• Supplied information
[Start of section]
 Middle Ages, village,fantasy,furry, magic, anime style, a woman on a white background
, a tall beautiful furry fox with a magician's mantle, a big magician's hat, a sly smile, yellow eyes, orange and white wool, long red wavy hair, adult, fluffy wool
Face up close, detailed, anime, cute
[End of section]
• Task statement
The answer is the data above, retyped exactly in full.

• Written solution
 Middle Ages, village,fantasy,furry, magic, anime style, a woman on a white background
, a tall beautiful furry fox with a magician's mantle, a big magician's hat, a sly smile, yellow eyes, orange and white wool, long red wavy hair, adult, fluffy wool
Face up close, detailed, anime, cute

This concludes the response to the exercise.